After the Supreme Court’s 2010 decision in Citizens United, much of the debate focused upon how the ruling would open the door for more corporate and union political activity. While no significant for profit corporate activity arose during the 2010 election cycle, there was an increase in political activity by corporate non-profits (and of course unions). However, as Politico recently reported, the broader impact of Citizens United may prove to be on the permanency of the campaign process, not just on heightened participation during election season. The phrase “permanent campaign” has been in our political lexicon for some time, but the concept has unquestionably now taken root, with political activity seamlessly continuing from one election cycle to the next:
Just one month after the 2010 midterms, the conservative Crossroads GPS launched $400,000 in radio ads pushing Democrats to extend the Bush tax cuts. The group spent another $450,000 last month in key House districts, plus $750,000 more in recent ads about the Wisconsin labor fight.
The Susan B. Anthony List, American Future Fund and Americans for Prosperity also are putting up ads, sending mailers and financing election-style bus tours — all feeding into a non-stop, two-year campaign against the Democrats heading into 2012.

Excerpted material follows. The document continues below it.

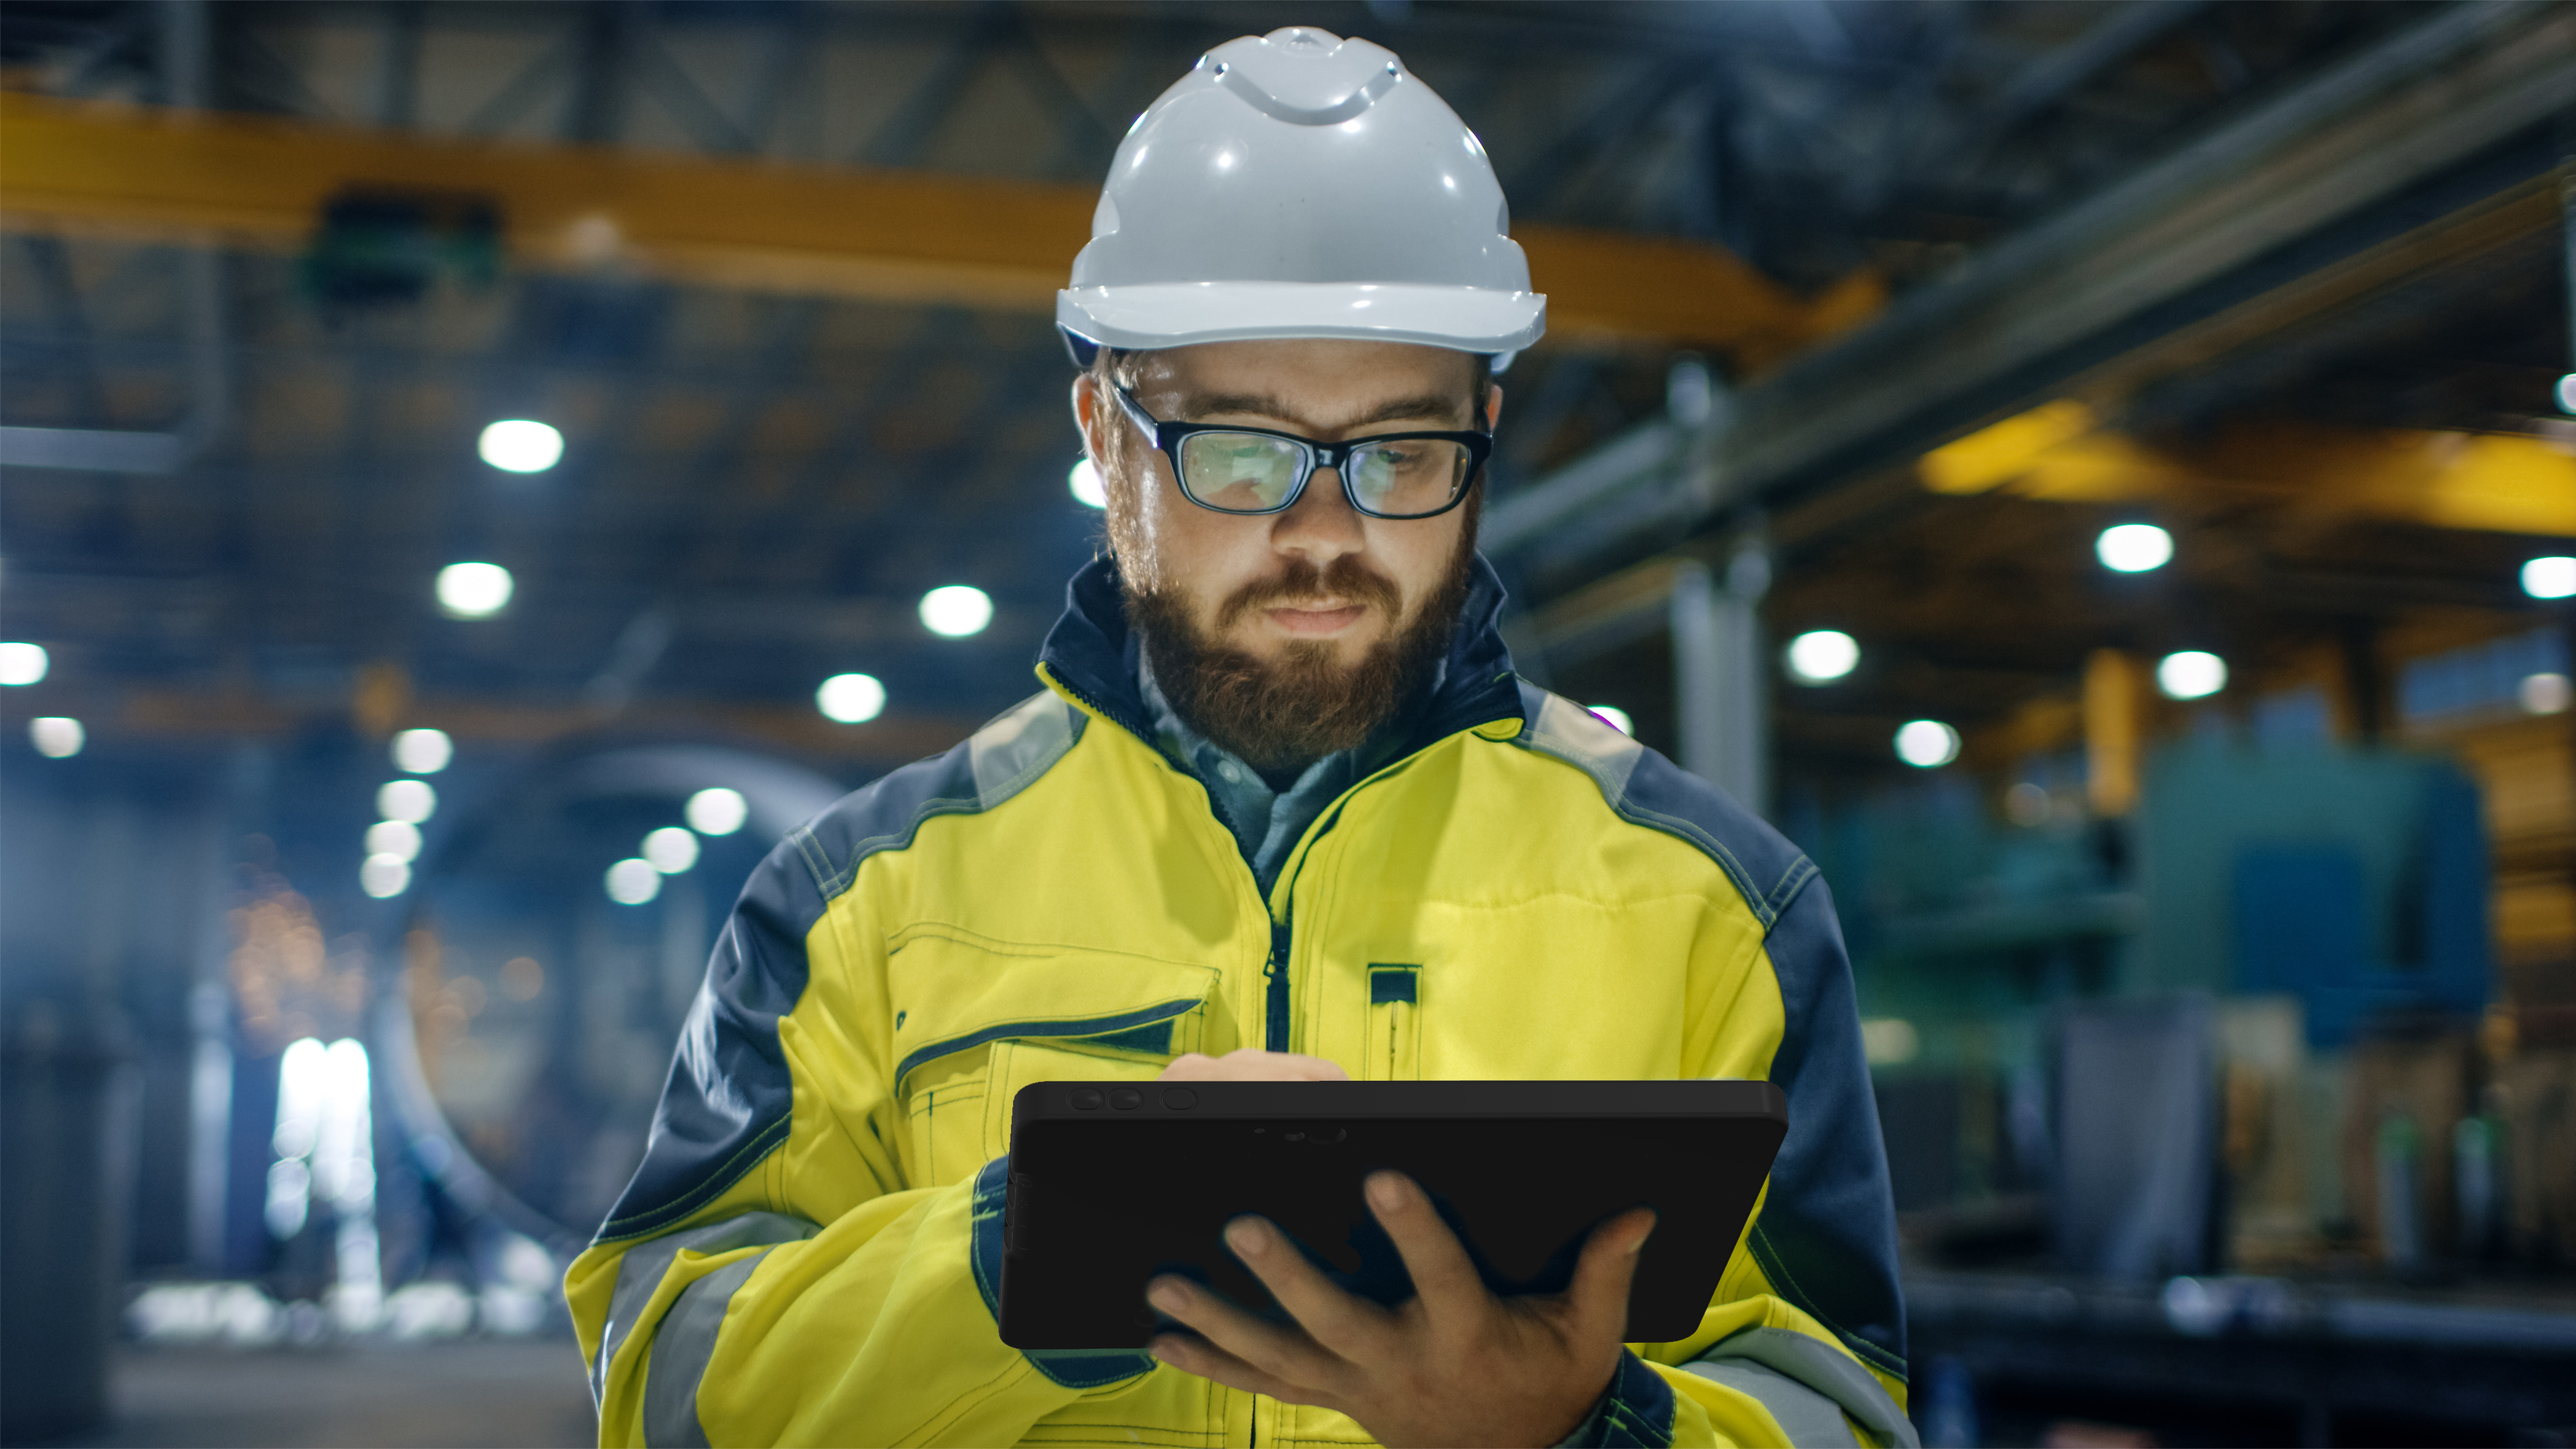 Integrating Manufacturing Field Workers with Certified Technologies

It is important to remember that Citizens United was a campaign finance decision – not a tax law decision. As Politico went on to discuss, the aforementioned groups are “essentially charities’ requiring them “to prove to the IRS that they deserve that special, non-political status, and the perks that go along with it.” Although the FEC is in the process of finalizing its post-Citizens United rule making, the IRS has been fairly circumspect. The landscape, therefore, remains ambiguous. With this permanent campaign will come the need for permanent — and more rigorous — compliance. Non-profit corporations engaging in political activity by in particular must therefore understand the legal and regulatory restrictions that continue to evolve in the post-Citizens United world.